3.1.2 Task 2: What to Do When Students Have Finished?

A slide with a 2 cross 2 and a 3 cross 3 squares has a question on how many squares can be found in the diagrams.

Answers of 5 and 14 come quickly from the prospective teachers for the task above. It does not take them 1 minute to agree on those. Some pairs discuss what to do next, often generalising for a square of side n smaller squares. Some pairs think that they have finished and start to make notes on whether they like the problem or not. The previous experiences with this workshop led me to notice the issue, for me, of “having finished” and the related actions of the prospective teachers. I move to act.
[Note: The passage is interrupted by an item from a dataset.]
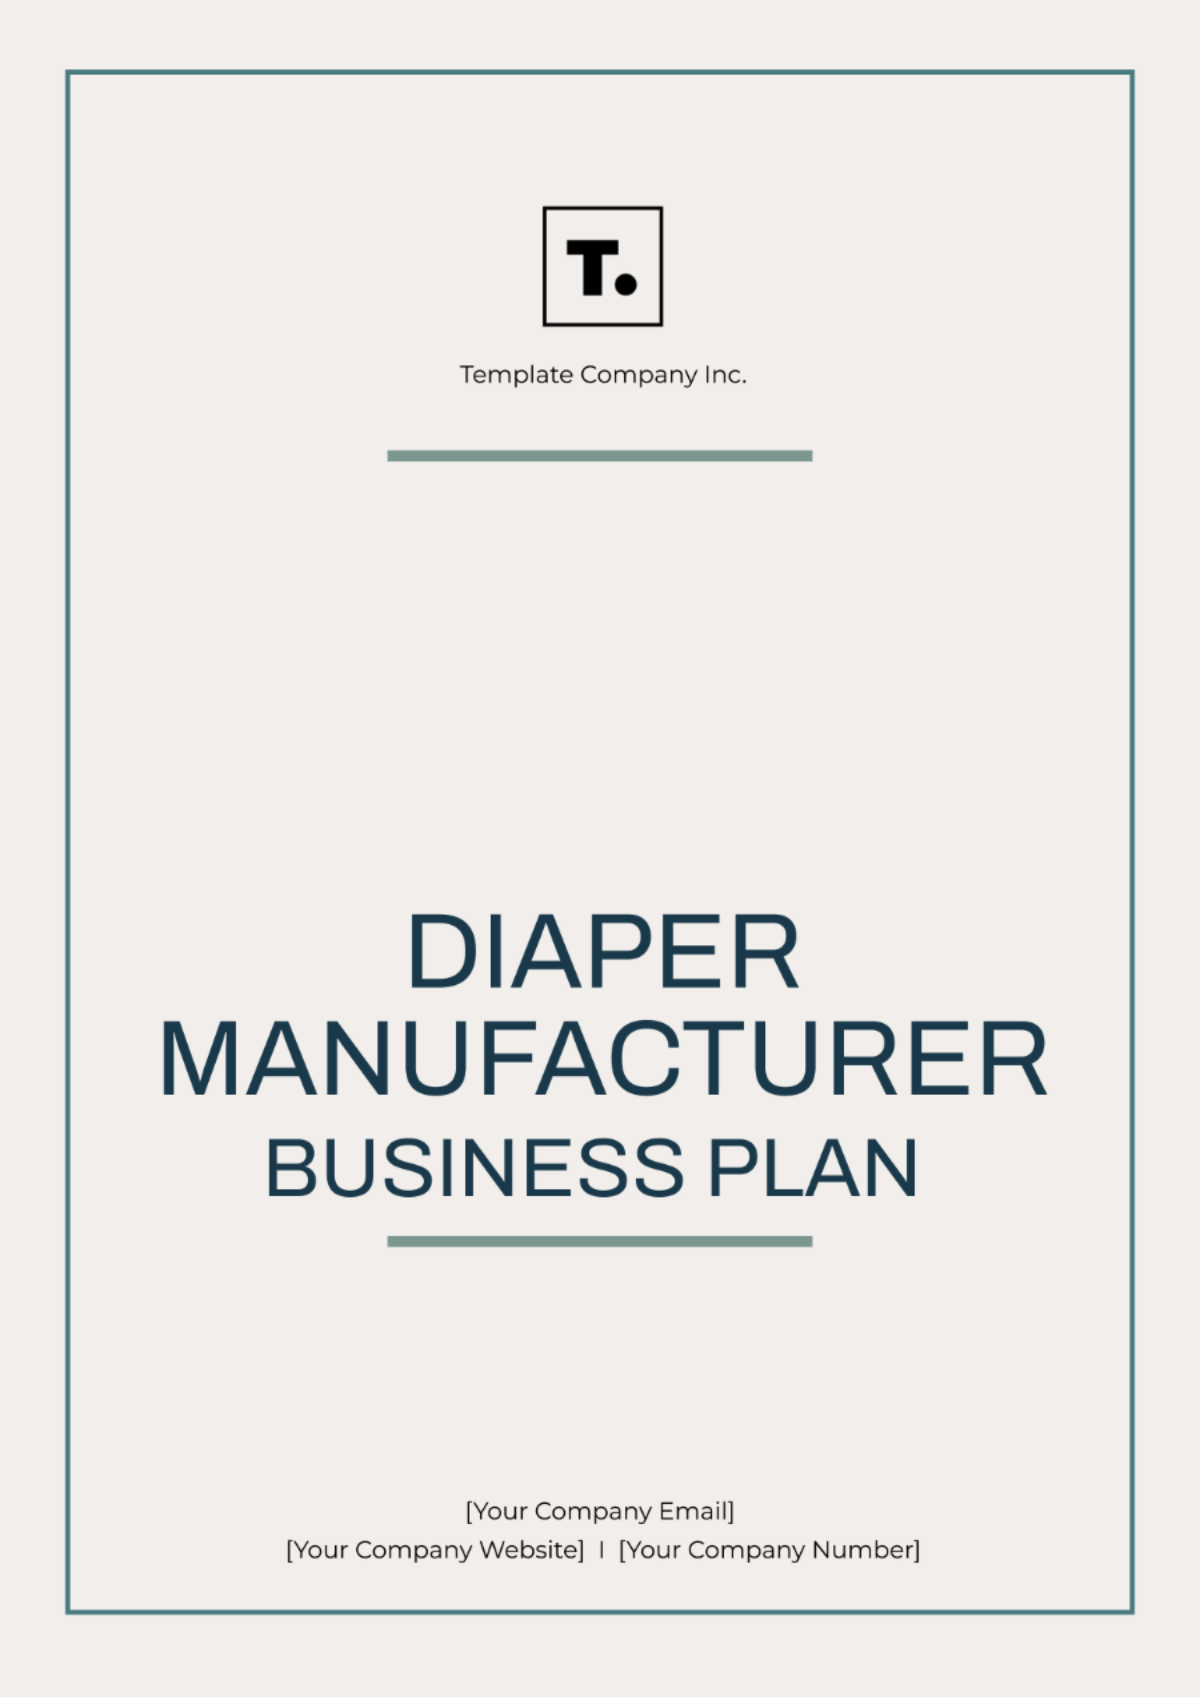 Diaper Manufacturer Business Plan Template
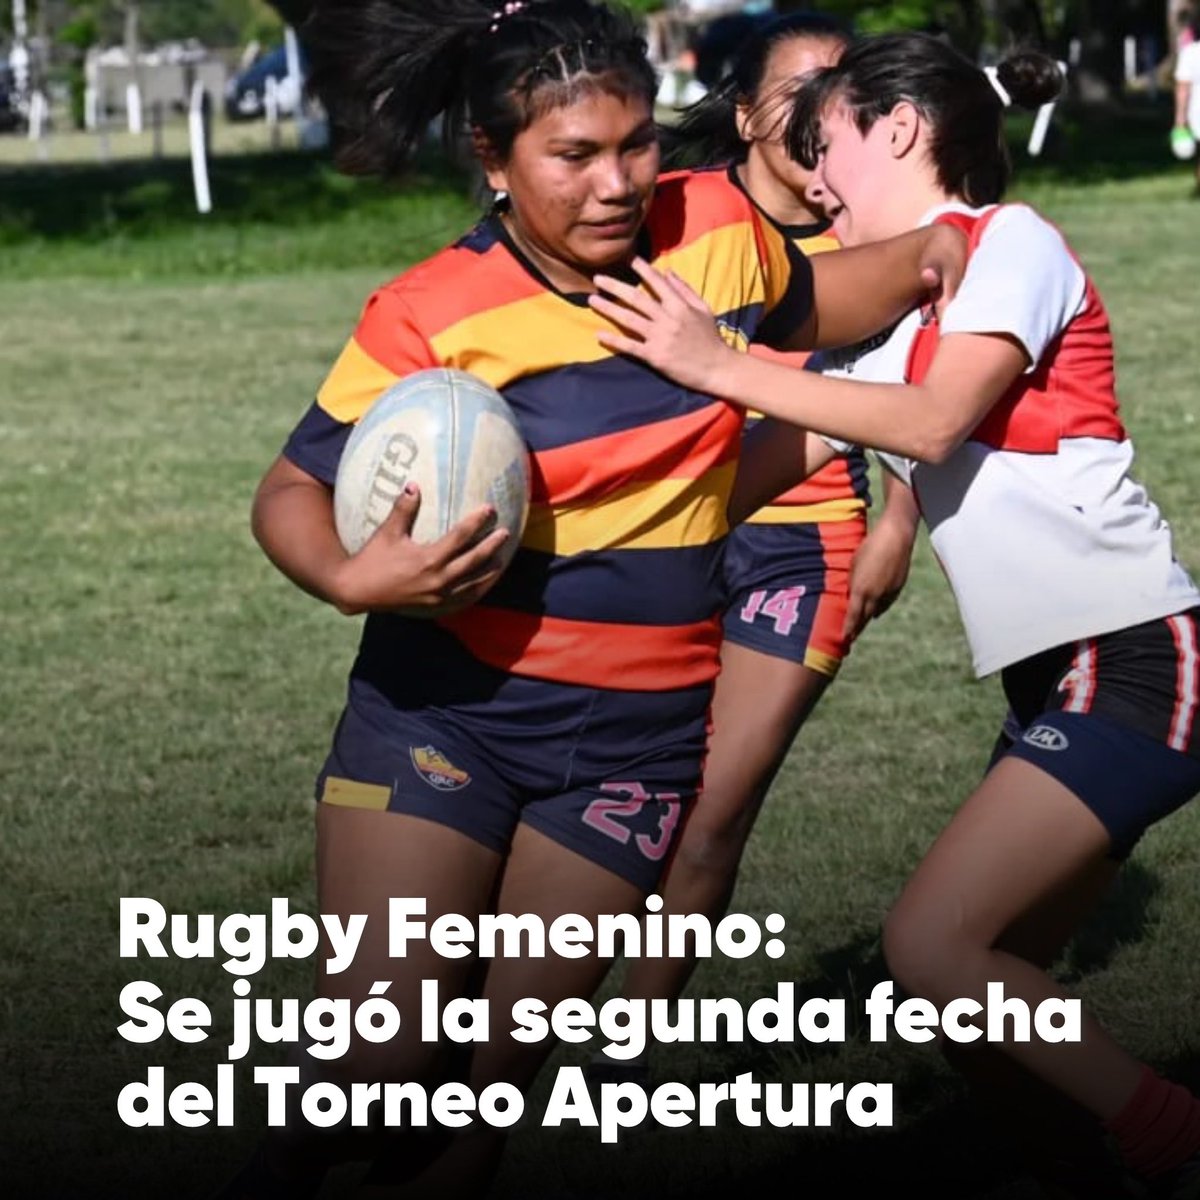 El domigo 5 de mayo se disputó en el Club Caza y Pesca la segunda fecha del Torneo Apertura de rugby femenino, organizado por la Unión de Rugby de Formosa (URF).

“What will you do when students you are teaching say that they’ve finished?”, I ask. I ask them what the constraints are in the question. Small squares in a square? Only cases 2 × 2 and 3 × 3. What if it’s not a square? What if it’s n > 3? Identifying what’s changing and then “what if-ing” and “what if not-ing” are strategies for generating new questions (Brown & Walters, 1969, p.38). This intervention gives the prospective teachers an action or something to offer to the students to whom they teach mathematics if they finish early. As an experienced MTE, my attention is fully on the prospective teachers’ learning, and I am learning about them while also acting to provoke their learning.

3.1.3 Task 3: What’s the Purpose of the Activity?

A slide has a template of a daisy formed from seven hexagons fit together, where hexagons that touch the numbers have to match.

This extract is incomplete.